Adding Parallel Fetch for Lower Latency

Fetching URLs sequentially adds latency proportional to the number of sources. Use asyncio to parallelize:

# Python — Parallel URL fetching with asyncio
import asyncio
from knowledgesdk import AsyncKnowledgeSDK

async_client = AsyncKnowledgeSDK(api_key=os.environ["KNOWLEDGESDK_API_KEY"])

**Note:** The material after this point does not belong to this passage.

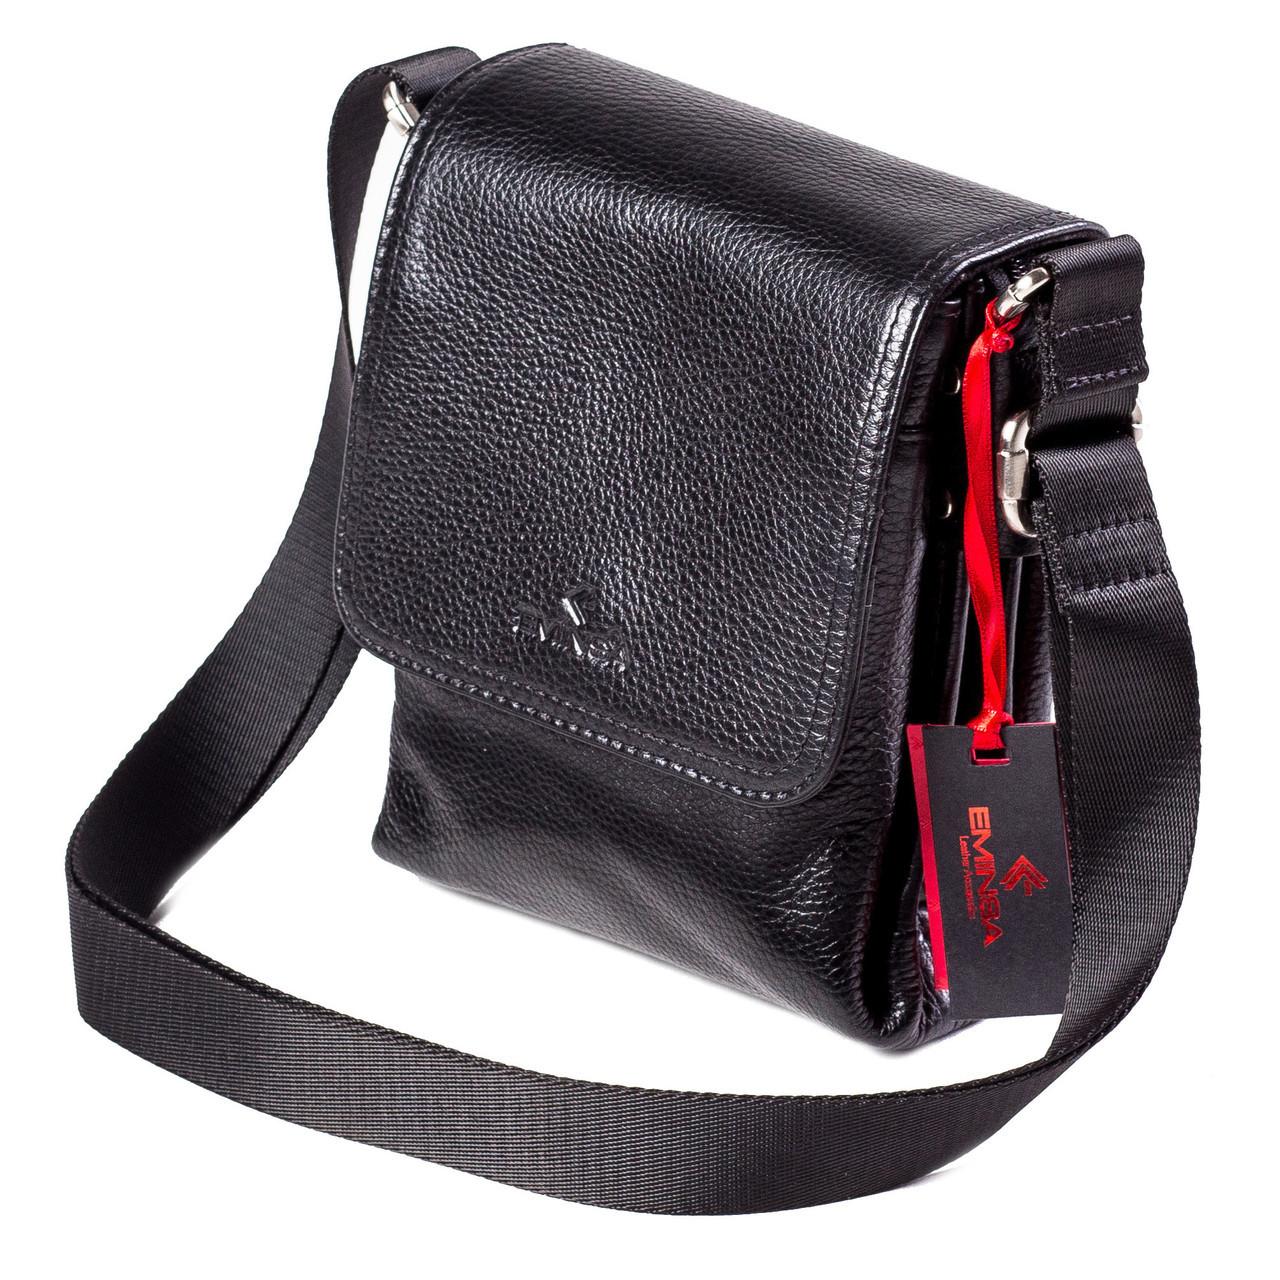 Мужская сумка кожаная чёрная Eminsa 6097-37-1  продаж 433ac57767311
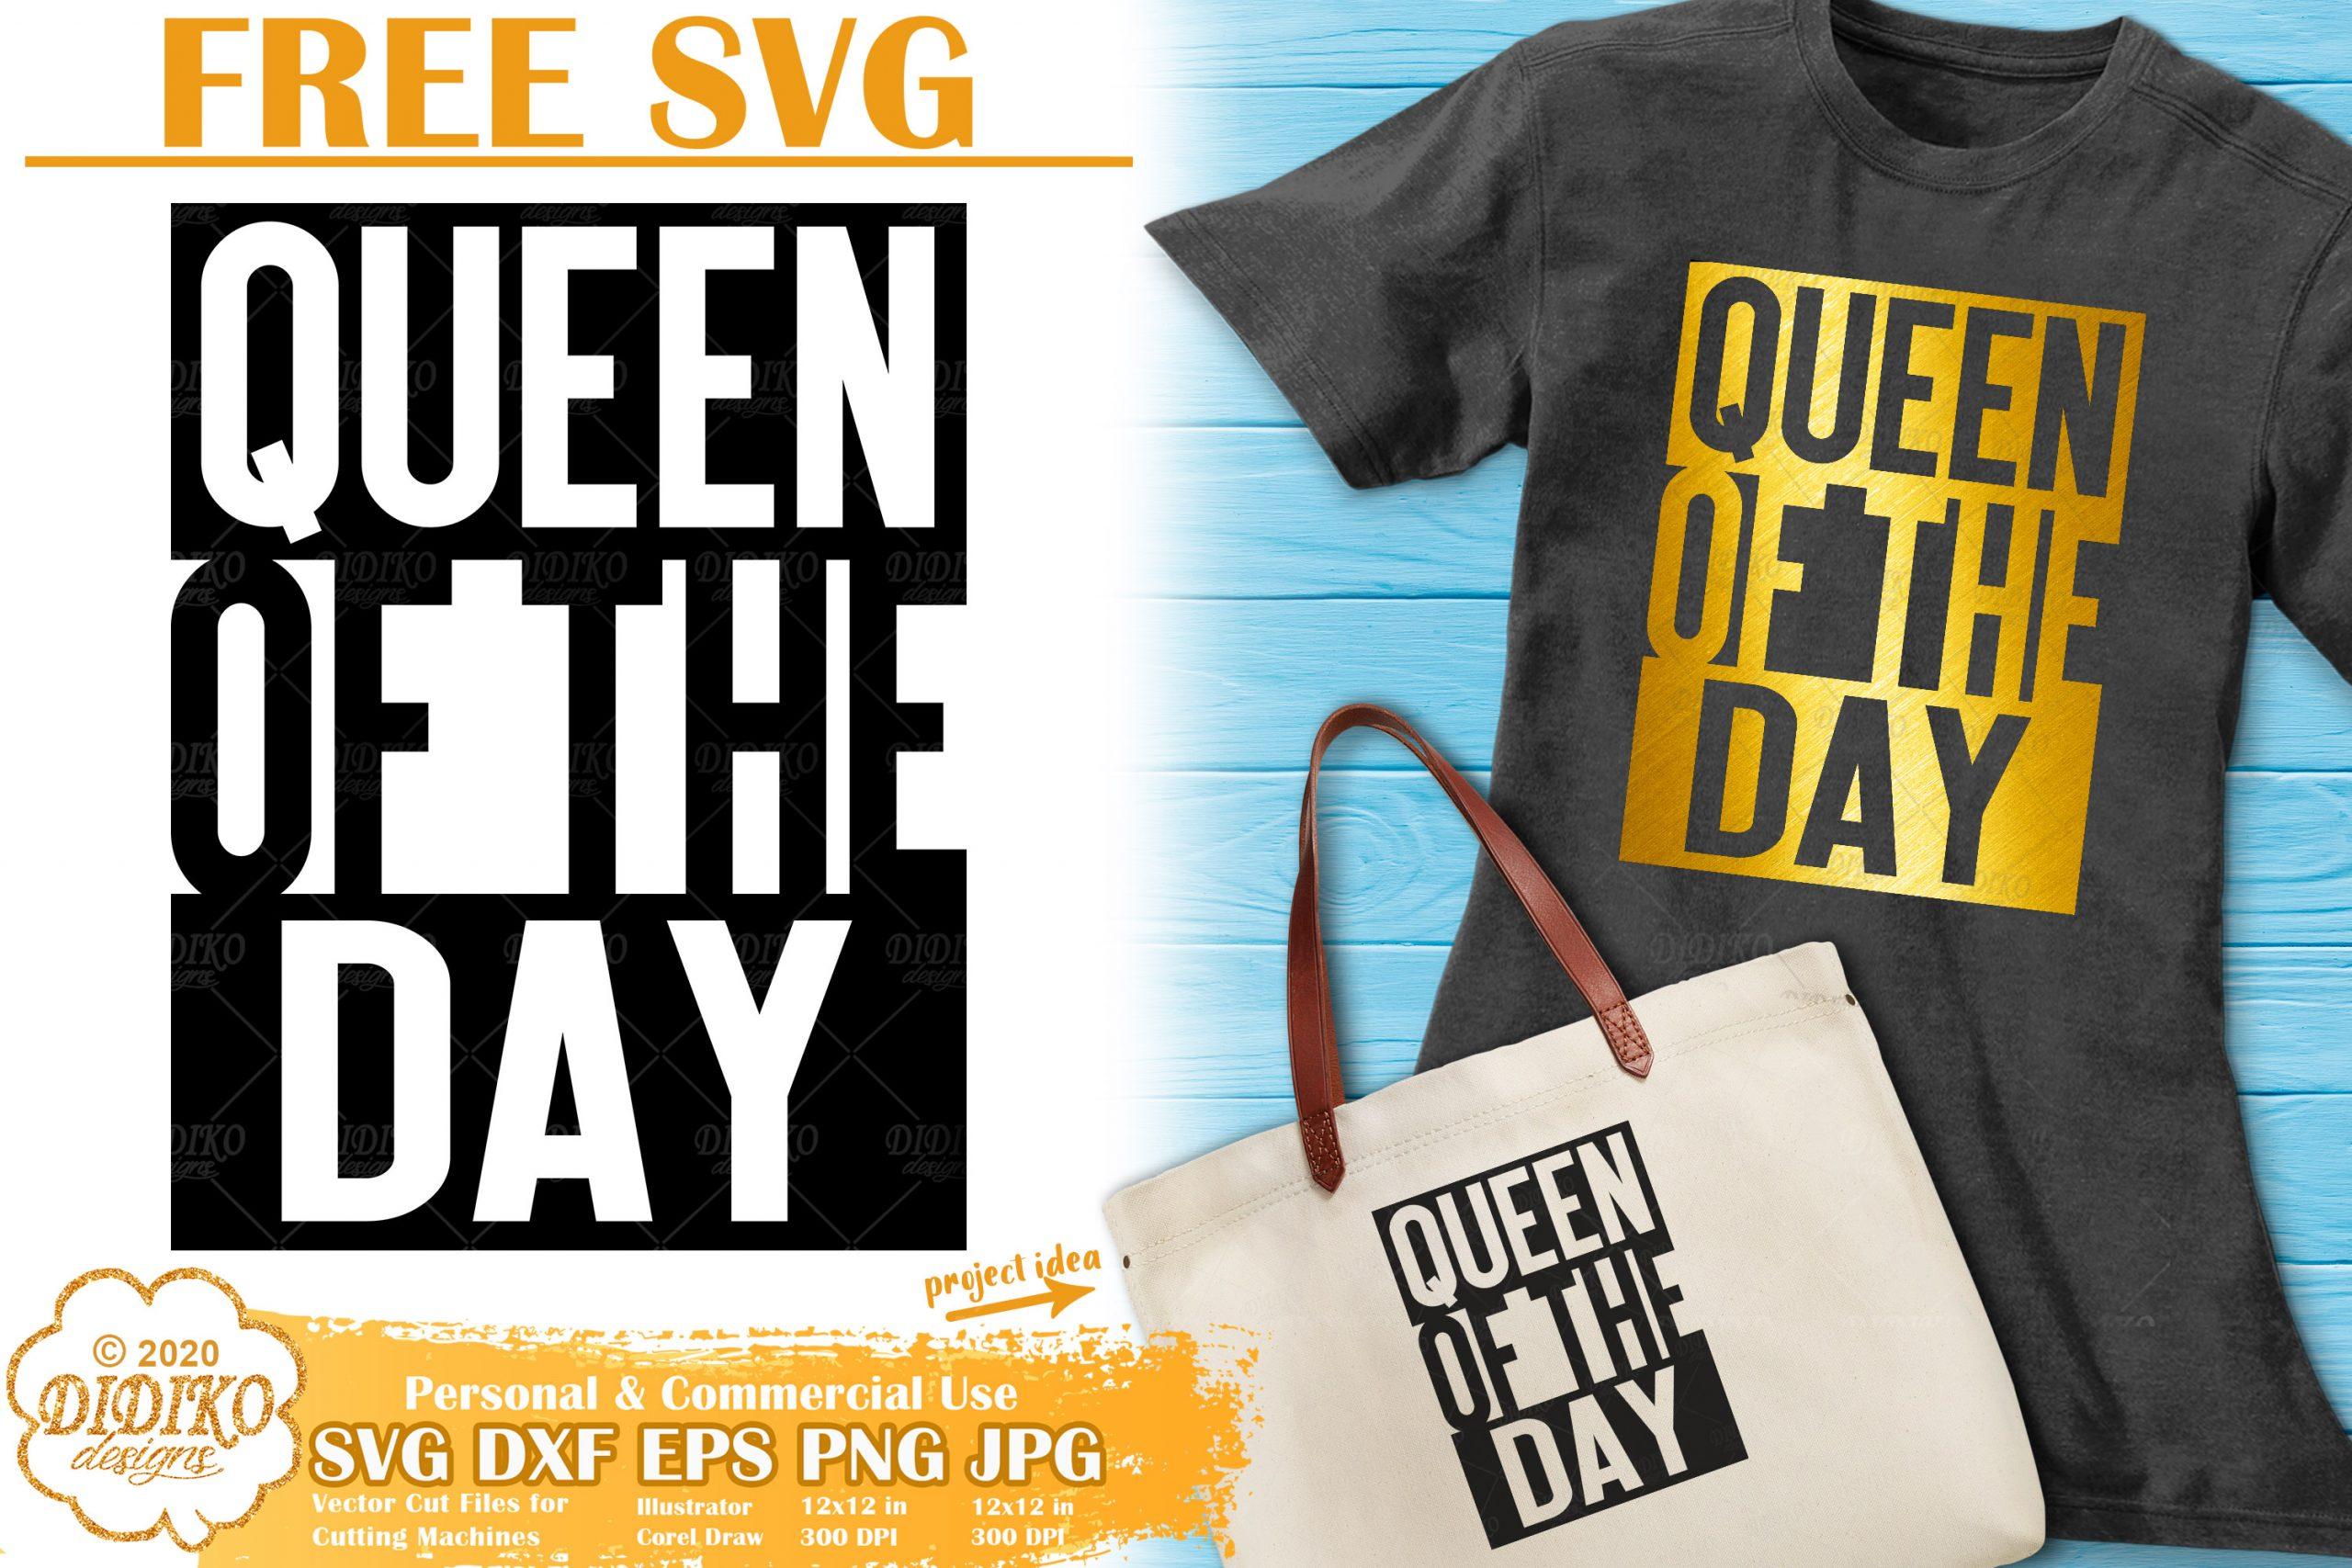 Download Black Woman Free SVG #1 | Black Queen Svg | Afro svg ...

async def fetch_url_async(url: str) -> tuple[str, str]:
    """Fetch a single URL asynchronously."""
    try:
        result = await async_client.scrape(url=url)
        return url, result.markdown or ""
    except Exception as e:
        return url, ""


async def fetch_web_context_parallel(urls: List[str]) -> str:
    """Fetch multiple URLs in parallel."""
    tasks = [fetch_url_async(url) for url in urls]
    results = await asyncio.gather(*tasks)

    documents = []
    for url, content in results:
        if content:
            documents.append(f"Source: {url}\n\n{content[:3000]}")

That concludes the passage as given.